Reputation: 263
I tried to compile some inline assembler for 64-bit iOS application.
Here's an example:
int roundff(float _value) {
int res;
float temp;
asm("vcvtr.s32.f32 %[temp], %[value] \n vmov %[res], %[temp]" : [res] "=r" (res), [temp] "=w" (temp) : [value] "w" (_value));
return res;
}
and I have this errors:
Unrecognized instruction mnemonic.
But this code compiles fine:
__asm__ volatile(
"add %[result], %[b], %[a];"
: [result] "=r" (result)
: [a] "r" (a), [b] "r" (b), [c] "r" (c)
);
Than I founded that in aarch64 I have to use fcvt instead of vcvt. Because
int a = (int)(10.123);
compiles into
fcvtzs w8, s8
but I don't know how to write it in inline assembler. Something like this
int roundff(float _value)
{
int res;
asm("fcvtzs %[res], %[value]" : [res] "=r" (res) : [value] "w" (_value));
return res;
}
also doesn't work and generates this errors:
Instruction 'fcvtz' can not set flags, but 's' suffix specified.
Invalid operand for instruction.
Also I need round instead of trim. (fcvtns)
Any help? Where I can read something more about arm(32/64) asm?
UPDATE Ok. This: float res = nearbyintf(v) compiles into nice instruction frinti s0 s0. But why my inline assembler does not work on iOS using clang compiler?
Upvotes: 1
Views: 1720
Reputation: 2076
Here is how you do it:
-(int) roundff:(float)a {
int y;
__asm__("fcvtzs %w0, %s1\n\t" : "=r"(y) : "w"(a));
return y;
}
Take care,
/A
Upvotes: 3
Reputation: 363932
You can get the rounding you want using standard math.h
functions that inline to single ARM instructions. Better yet, the compiler knows what they do, so may be able to optimize better by e.g. proving that the integer can't be negative, if that's the case.

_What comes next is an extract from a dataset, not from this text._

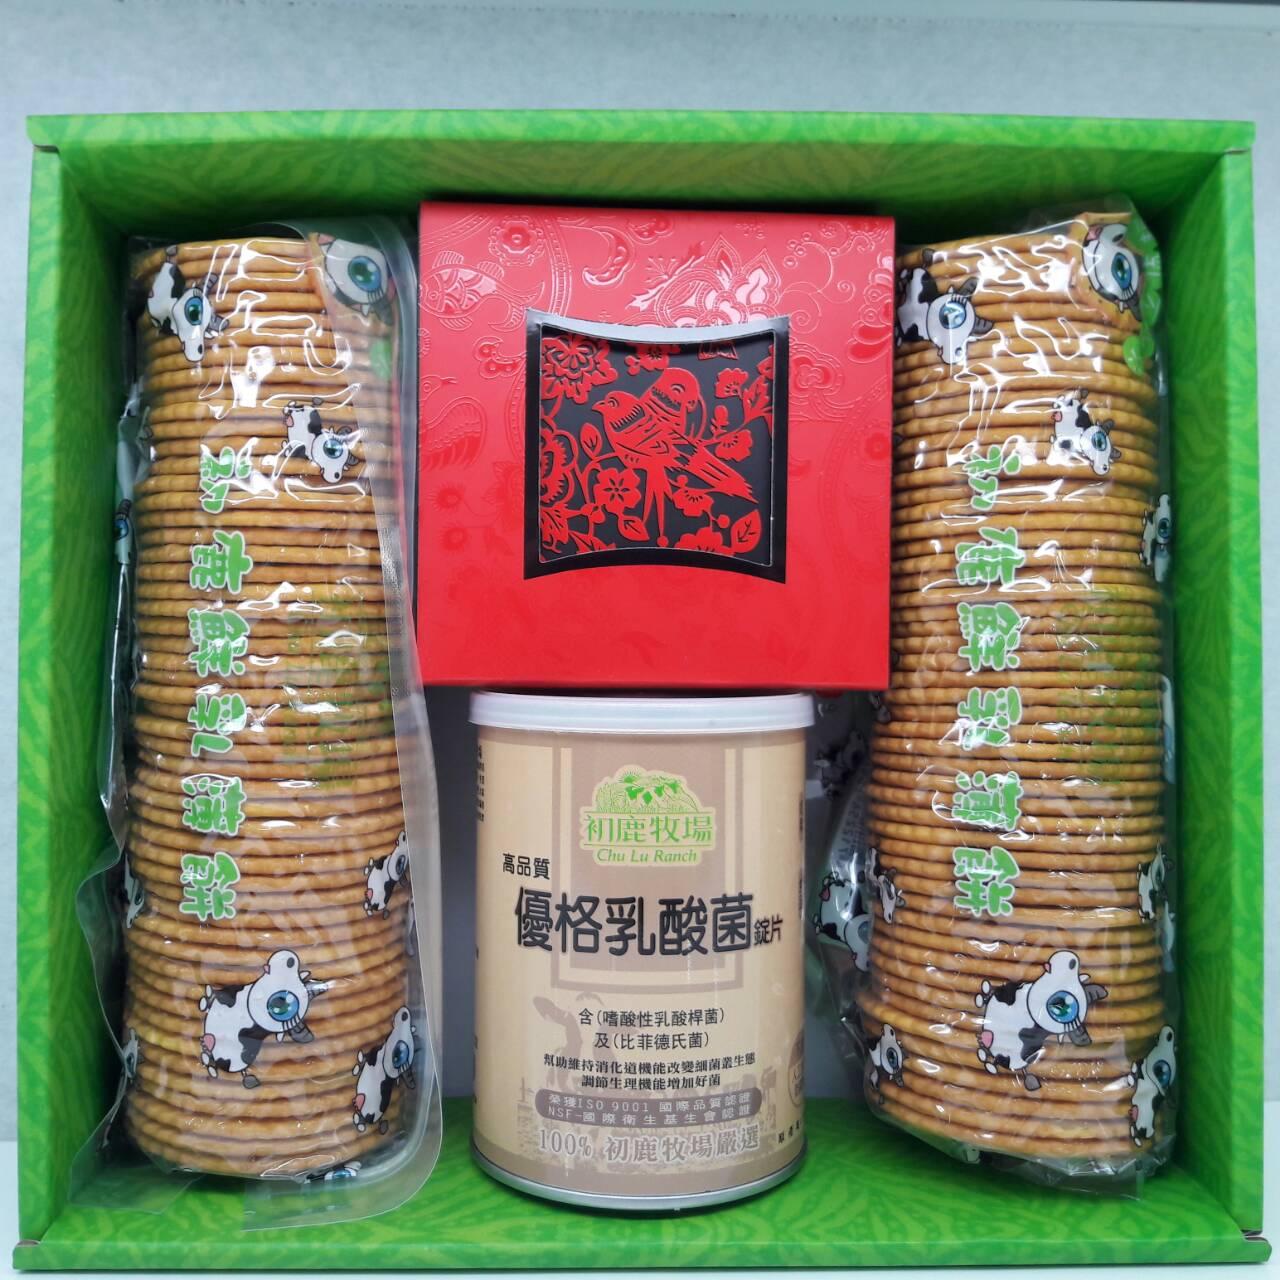 初鹿牧場|春節禮盒B(鮮乳薄餅2入+優格酸錠1入+牛奶糖1入)

Check godbolt for the compiler output:
#include <math.h>
int truncate_f_to_int(float v)
{
int res = v; // standard C cast: truncate with fcvtzs on ARM64
// AMD64: inlines to cvtTss2si rax, xmm0 // Note the extra T for truncate
return res;
}
int round_f_away_from_zero(float v)
{
int res = roundf(v); // optimizes to fcvtas on ARM64
// AMD64: AND/OR with two constants before converting with truncation
return res;
}
//#define NOT_ON_GODBOLT
// godbolt has a broken setup and gets x86-64 inline asm for lrintf on ARM64
#if defined(NOT_ON_GODBOLT) || defined (__x86_64__) || defined(__i386__)
int round_f_to_even(float v)
{
int res = lrintf(v); // should inline to a convert using the current rounding mode
// AMD64: inlines to cvtss2si rax, xmm0
// nearbyintf(v); // ARM64: calls the math library
// rintf(v); // ARM64: calls the math library
return res;
}
#endif
godbolt has a buggy install of headers for non-x86 architectures: they still uses x86 math headers, including inline asm.
Also, your roundff
function with inline asm for fcvtzs
compiled just fine on godbolt with gcc 4.8. Maybe you were trying to build for 32bit ARM? But like I said, use the library function that does what you want, then check to make sure it inlines to nice ASM.
Upvotes: 2